Instruksi Presiden yang ditandatangani pada 13 Mei 2013 itu melarang penggunaan hutan alam primer dan lahan gambut yang berada di hutan konservasi, hutan lindung, dan hutan produksi. Penundaan pemberian izin baru juga berlaku di area penggunaan lain sebagaimana tercantum dalam Peta Indikatif Penundaan Izin Baru. “Kalau ada yang bilang tanaman sawit merusak lahan gambut itu perang dagang aja,” katanya.
Pasalnya, di negara sentra kelapa sawit lain, seperti Malaysia, perkebunan kelapa sawit bahkan ditanam di lahan gambut dengan kedalaman delapan meter. Namun begitu harus diakui biaya investasi kelapa sawit di lahan gambut memang sedikit lebih mahal dibanding dengan hamparan lain.

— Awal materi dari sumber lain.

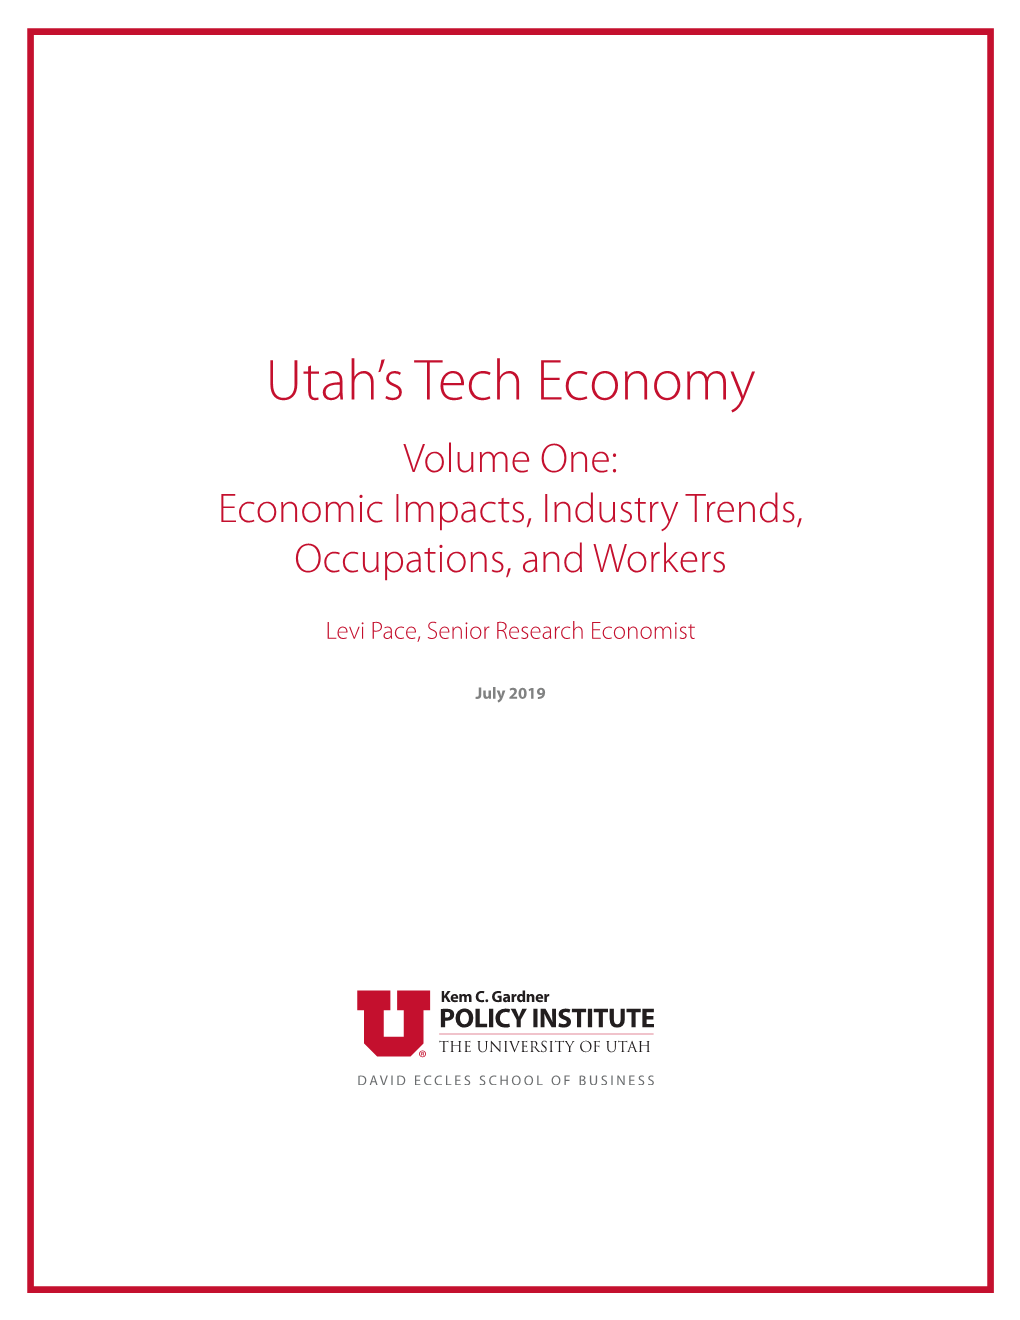 Utah's Tech Economy Volume One: Economic Impacts, Industry Trends

“Tapi selama estimasi investasi tepat dan menguntungkan bisa saja investor sawit tertarik,” tuturnya.

Joko menerangkan tanaman sawit bisa tumbuh subur di Indonesia. Oleh karena itu minyak nabati di Eropa dan Amerika Serikat hanya mengandalkan tanaman seperti kedelai dan lainnya. Sudah terbukti kelapa sawit merupakan tanaman dengan produktivitas paling tinggi untuk mengisi permintaan dunia.

“Kebutuhan dunia 5-6 juta ton CPO, itu hanya butuh sejuta hektare kebun sawit, kalau kedelai butuh 10 juta hektare,” sebutnya.

Oleh karena itu, Joko menilai wajar apabila negara-negara Eropa serta Amerika Serikat terus melakukan kampanye hitam terhadap sawit Indonesia.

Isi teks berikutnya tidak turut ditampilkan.